### EXERCISE DIRECTIONS:
The full listing should be written out verbatim, and its images should be dropped.

[DATA PROVIDED Boundary: Start]

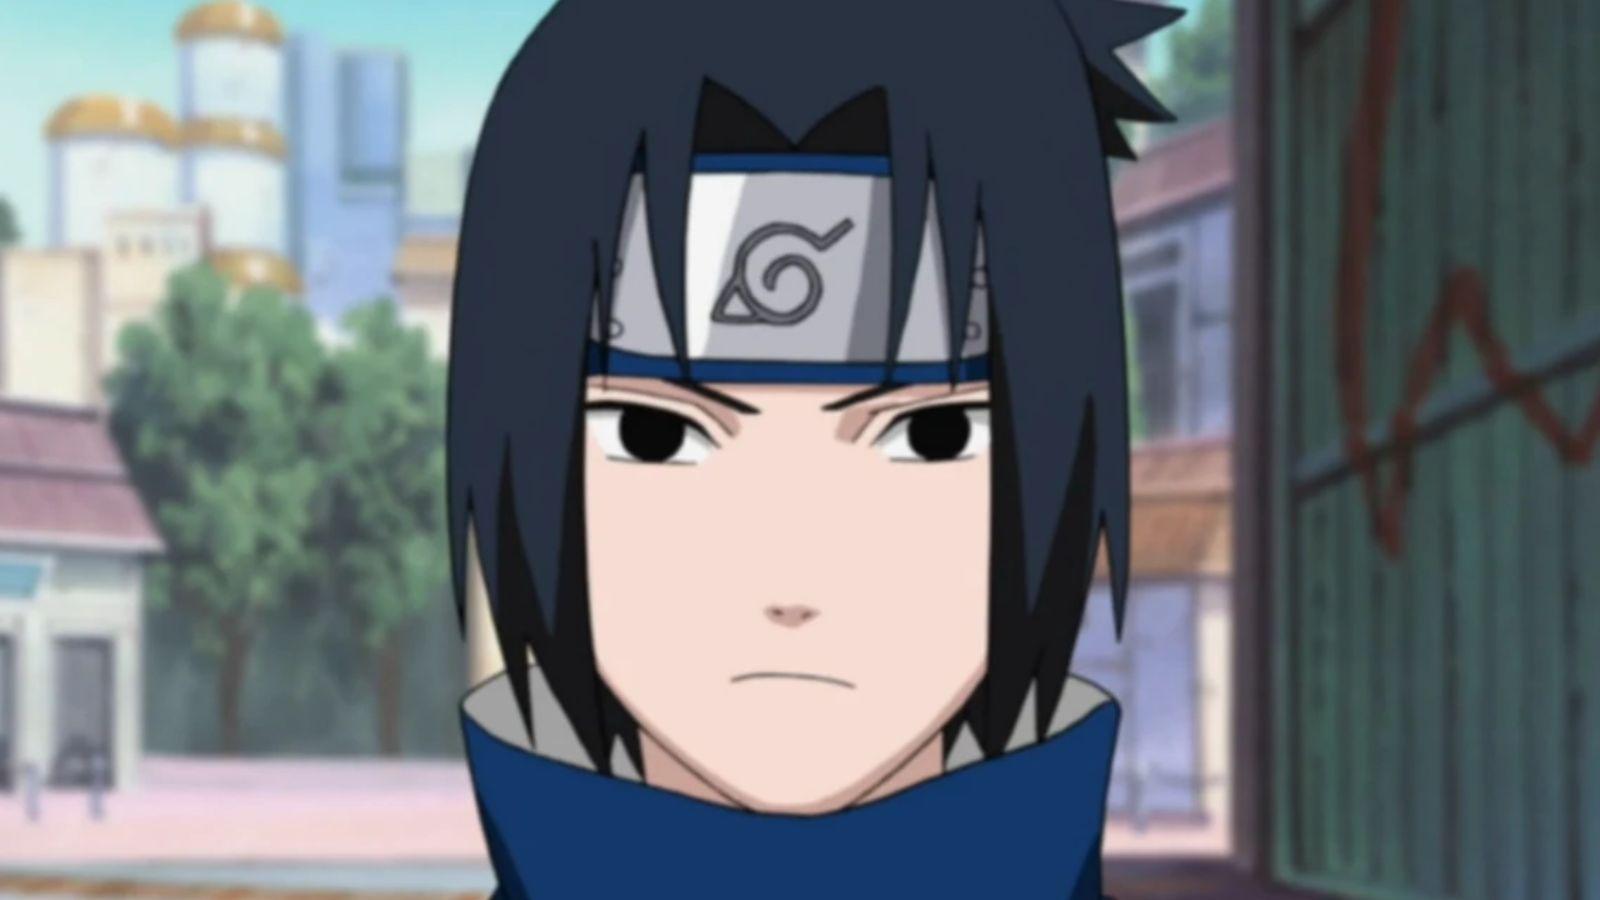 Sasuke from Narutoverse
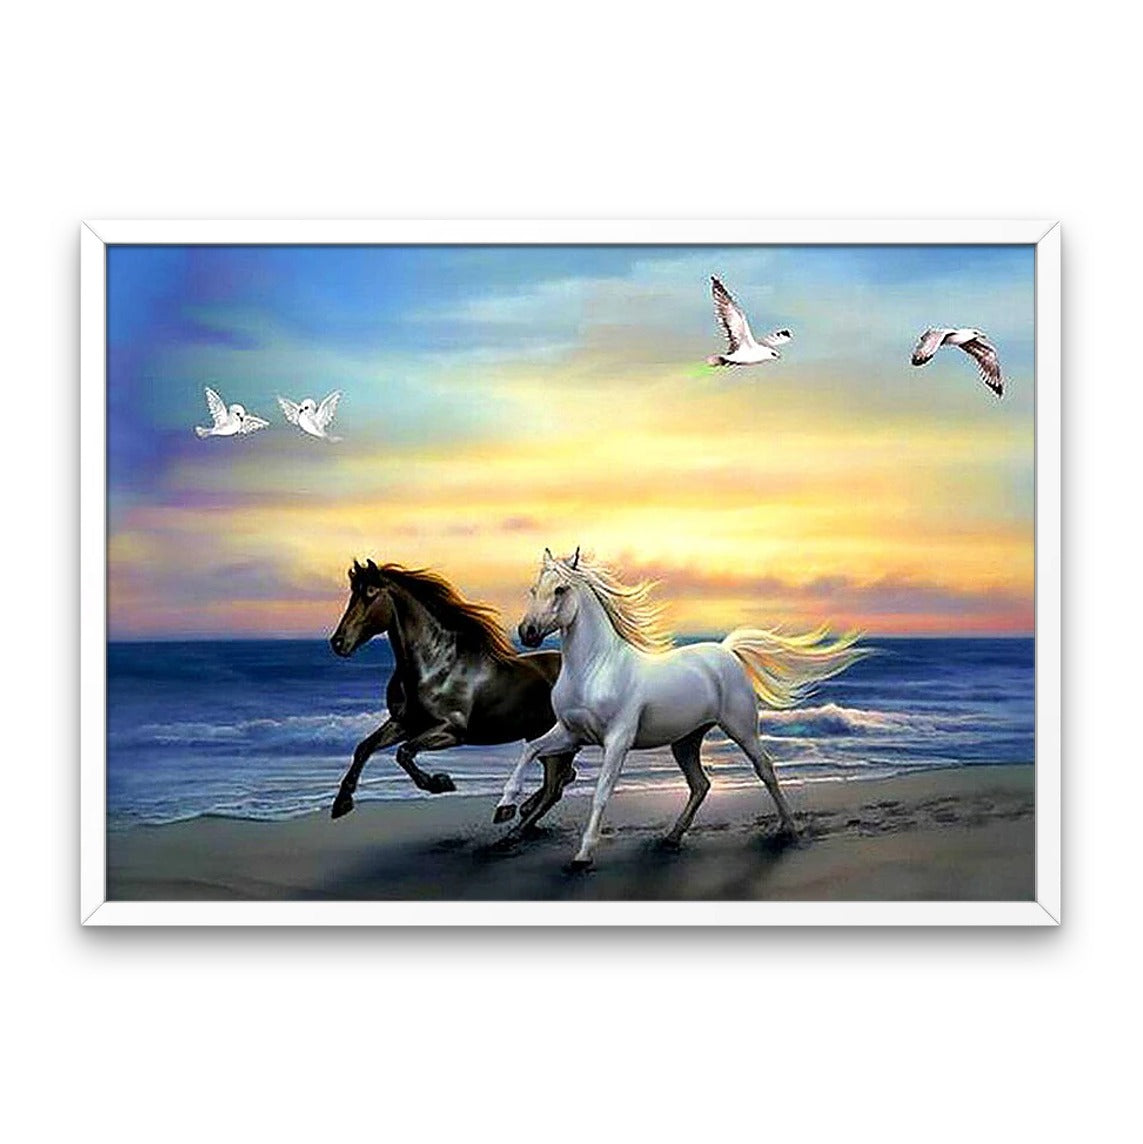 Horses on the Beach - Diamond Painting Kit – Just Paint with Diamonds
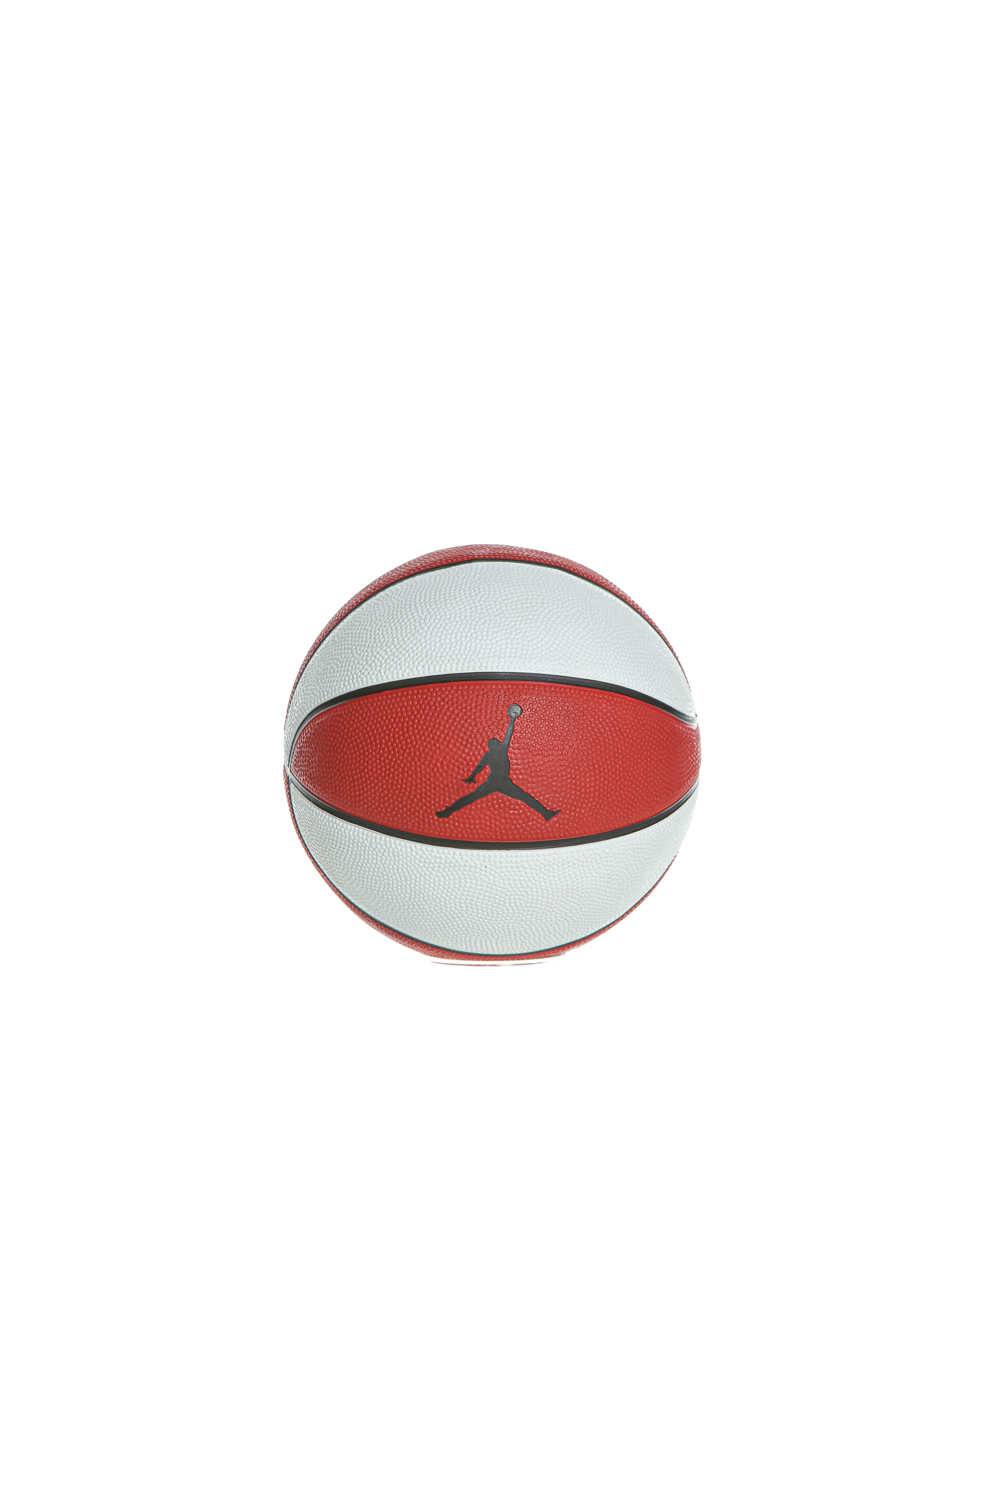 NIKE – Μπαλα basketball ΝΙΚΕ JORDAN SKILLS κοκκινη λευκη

[DATA PROVIDED Boundary: End]

### TASK RESPONSE:
 Sasuke from Narutoverse
 Horses on the Beach - Diamond Painting Kit – Just Paint with Diamonds
 NIKE – Μπαλα basketball ΝΙΚΕ JORDAN SKILLS κοκκινη λευκη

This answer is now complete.